Por otro lado (aunque quizá sea más de lo mismo sólo hasta
cierto punto), cierta escena donde el emisario infernal se burla y humilla de
tres mal llamadas “brujas” totalmente locas y las obliga, tratándolas de “perras
que aprendieron trucos”, a hacer un ritual recreando el de las hermanas Weird
de Shakespeare, me dejó tan mal sabor que poco faltó para que abandonara la
lectura con su resabio a prejuicio. Siempre
me ha parecido ocioso el clamor por parte de los neopaganos en contra de
cualquier historia de brujas “diabólicas” o malvadas, que a fin de cuentas son
parte inevitable de la cultura popular y del género de terror, y a veces –como en
la reciente película The VVitch- dan todavía para extraordinarias historias…

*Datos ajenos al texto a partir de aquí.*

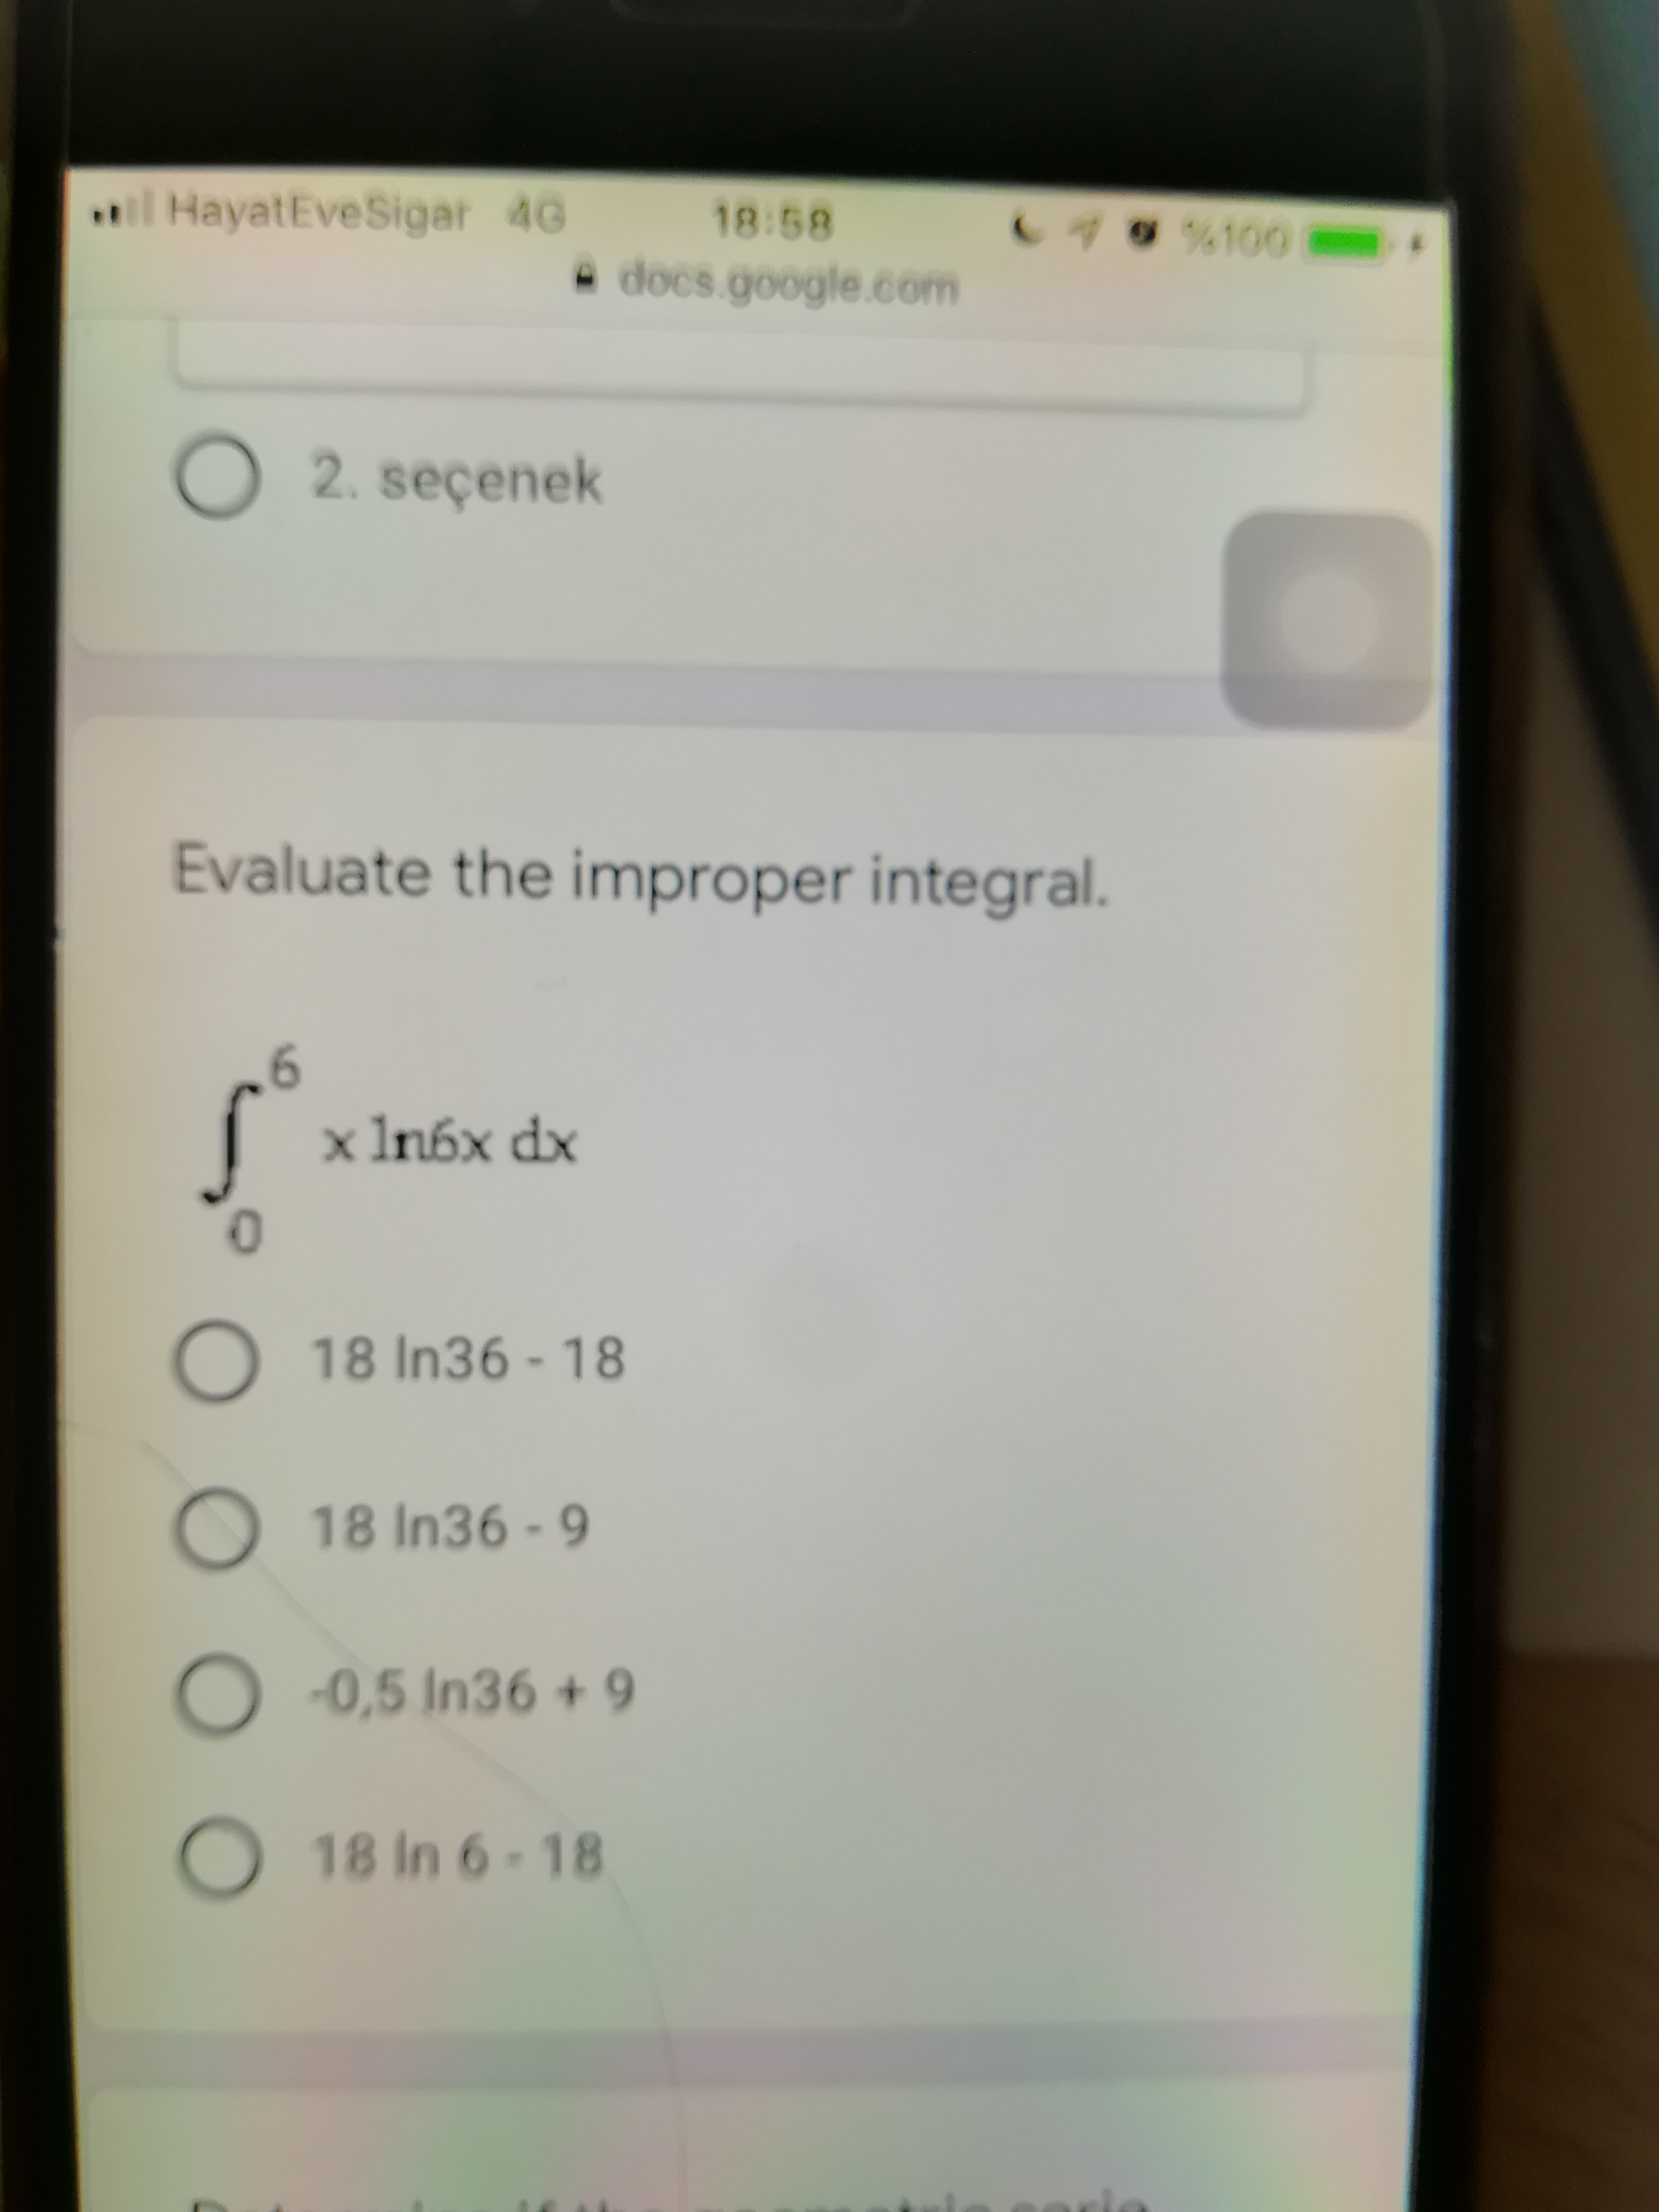 Evaluate the improper integral.
x In6x dx
0.

pero esta ha sido una ocasión, quizá la única, en que en verdad me ha repelido
una escena al denigrar de tal manera la figura de la bruja. Háganla malvada,
asesina como Keziah Mason; háganla una charlatana y cómica Celestina; háganla
incluso una insana y verde Bruja del Oeste, que de todo hay. Pero que la
dignidad de su figura se mantenga, porque es un arquetipo que parte de una
realidad, y como tal no debería ser denigrado con esa saña. Por eso este único
punto, que por fortuna no pasa de unas pocas páginas, no lo considero
redimible.
Última inconformidad: ¡Me quedé con las ganas de saber en qué consistía el famoso juego del Truco!